After months of number crunching on powerful supercomputers, researchers at the University of California, Santa Cruz and the Institute for Theoretical Physics in Zurich have come up with a beautiful computer simulation of the physics involved in the formation of the Milky Way.

While it may at first bring to mind images you've seen on your iTunes Visualizer - and it is set to futuristic electronic music - the project took the group nearly eight months to create at the Swiss National Supercomputing Centre in Manno, Switzerland. The group claims it would have taken 570 years to build the simulation on a personal computer.

The simulation, called Eris, solves a long-standing problem that led some to question the prevailing cosmological model of our universe.

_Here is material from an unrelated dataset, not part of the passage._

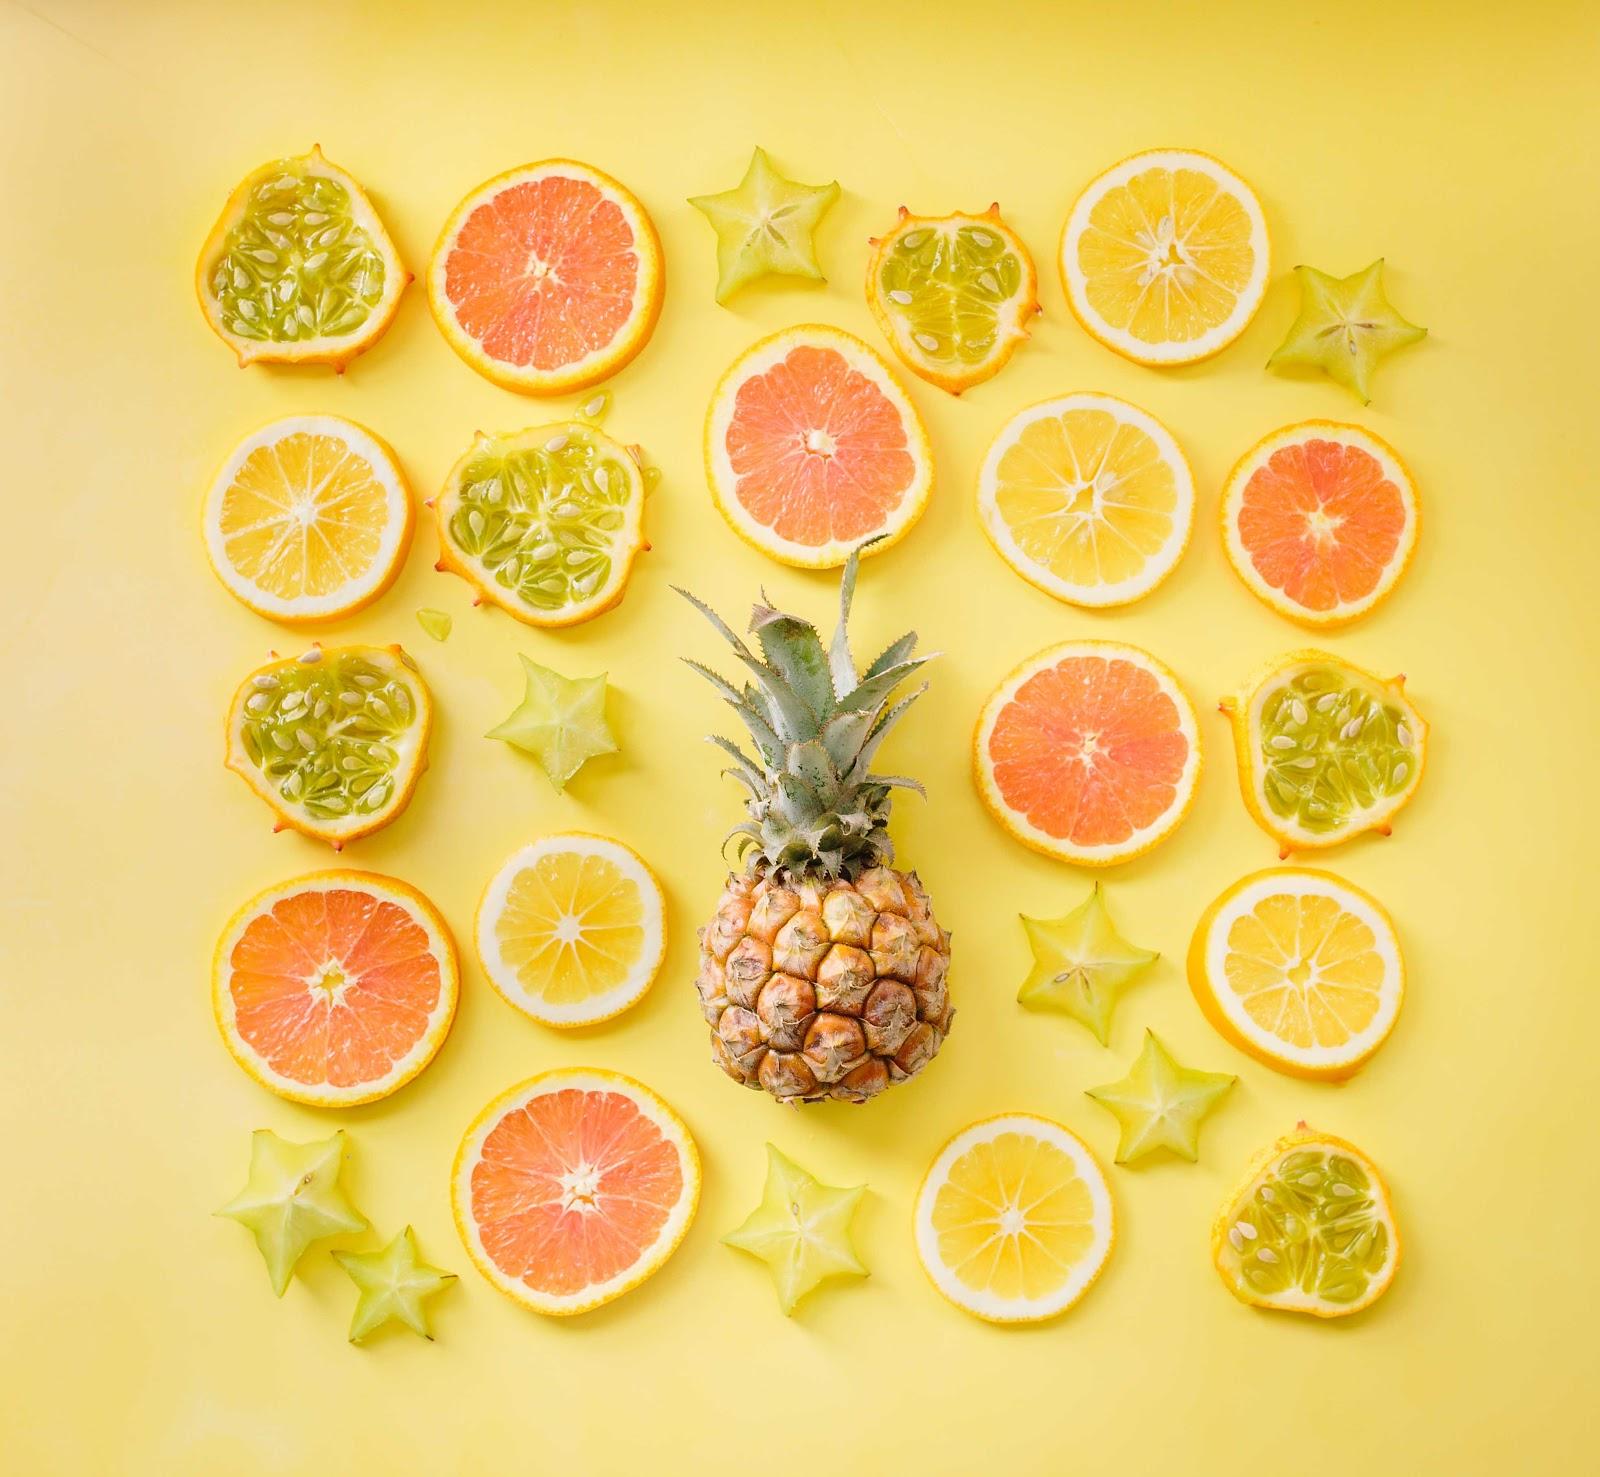 fruit juices in summer

Previous efforts to form a massive disk galaxy like the Milky Way had failed, because the simulated galaxies ended up with huge central bulges compared to the size of the disk, Javiera Guedes, who authored the study, said in a news release.

The Eris galaxy is a large spiral galaxy with a central bar of bright stars and other structural properties consistent with galaxies like our own: the Milky Way. The brightness profile, bulge-to-disk ratio, and stellar content of Eris are also all within the range of observations of the Milky Way.

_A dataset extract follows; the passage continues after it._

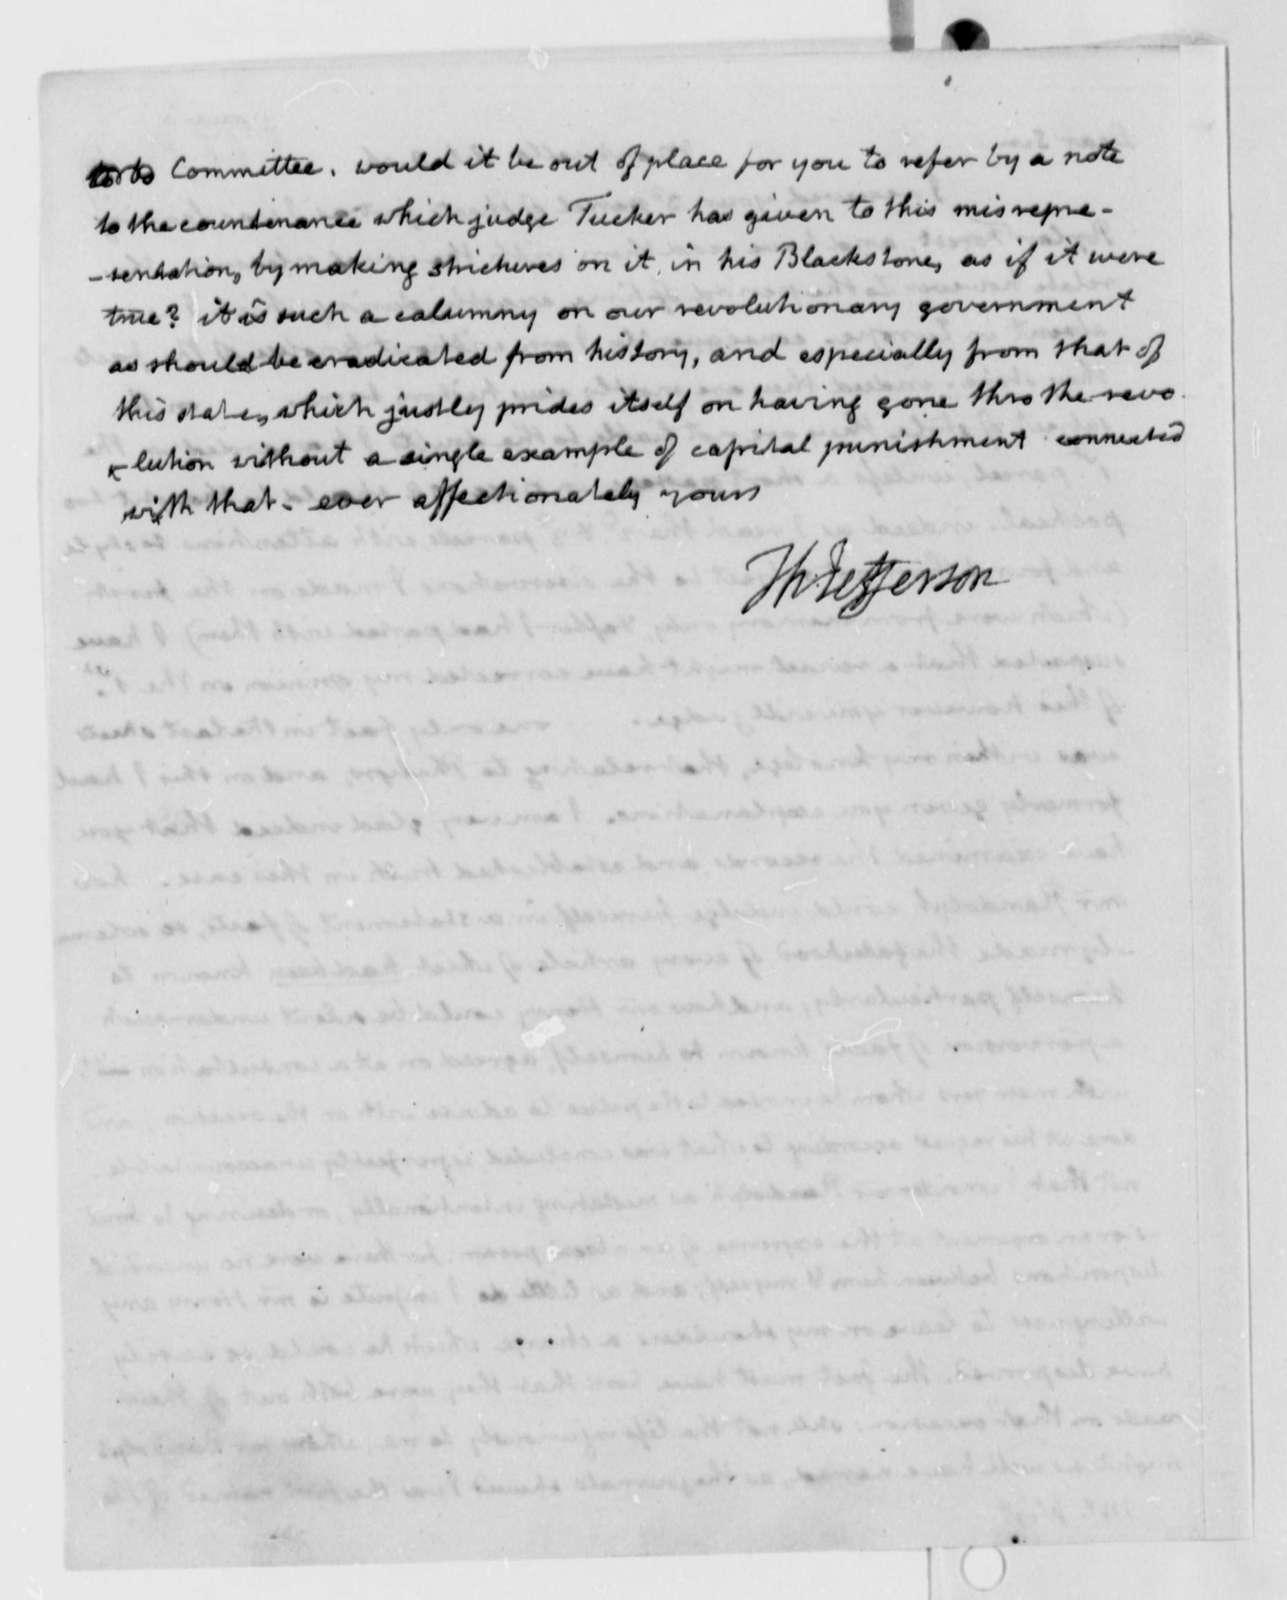 Thomas Jefferson to William Wirt, October 8, 1816

For 20 years, astronomers have tried to come up with a simulated galaxy to replicate the look of the Milky Way and other spiral galaxies. Guedes and her colleagues were more successful primarily because of the equipment they had at their disposal: 1.4 million processor-hours on NASA's state-of-the-art Pleiades supercomputer, plus additional supporting simulations on supercomputers at UCSC and the Swiss National Supercomputing Center.

We took some risk spending a huge amount of supercomputer time to simulate a single galaxy with extra-high resolution, co-author and UC-Santa Cruz astronomer Piero Madau said in the release.

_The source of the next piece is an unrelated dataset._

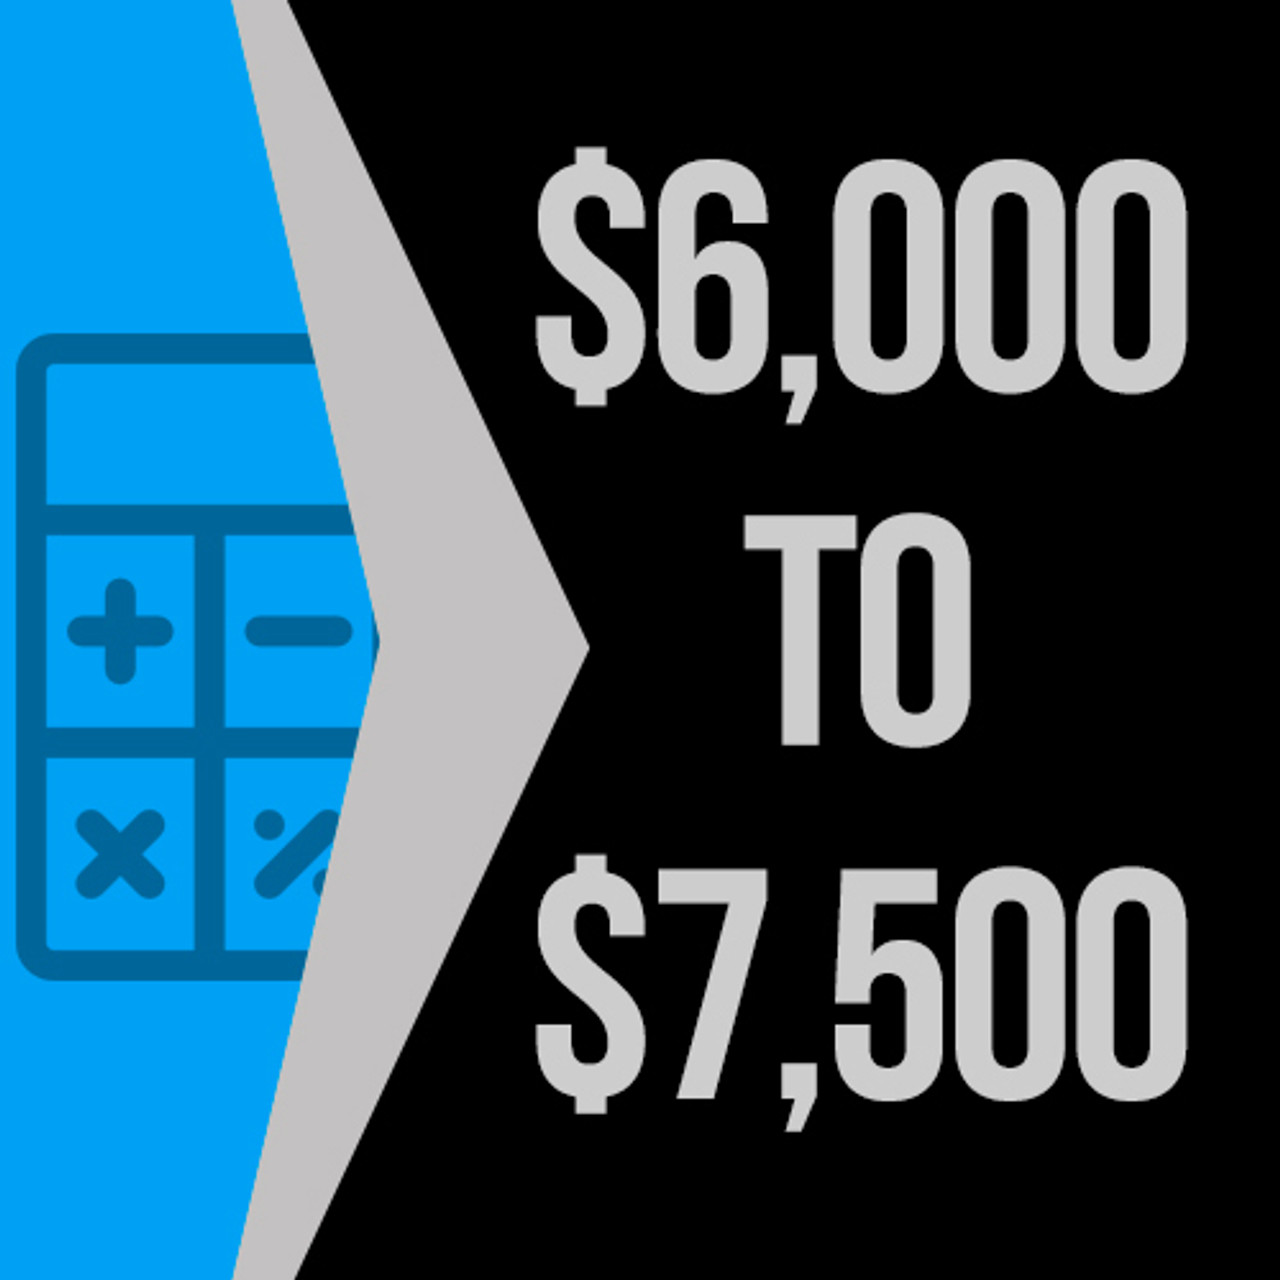 $6000 to $7500

The team used a software platform called Gasoline to trace the motions of over 60 million particles, representing galactic gas as well as dark matter, over the course of over 13 billion years.

Star formation in real galaxies occurs in a clustered fashion, and to reproduce that out of a cosmological simulation is hard, Madau said. This is the first simulation that is able to resolve the high-density clouds of gas where star formation occurs, and the result is a Milky Way-type of galaxy with a small bulge and a big disk.

The simulation uses the leading theory that slow-moving or cold particles of dark matter clumped together in the early universe, forming the scaffolding around which galaxies and clusters of galaxies then took shape.

The Eris galaxy simulation shows that the cold dark matter scenario, where dark matter provides the scaffolding for galaxy formation, is able to generate realistic disk-dominated galaxies, Madau said.

While the research may be a breakthrough for supercomputing, Eris is still way off from the real-life Milky Way. Even though Eris is a phenomenal high-resolution simulation, its 60 million particles of gas and dark matter cannot compare with the Milky Way's hundreds of billions of stars.

The study is to be published in the Astrophysical Journal.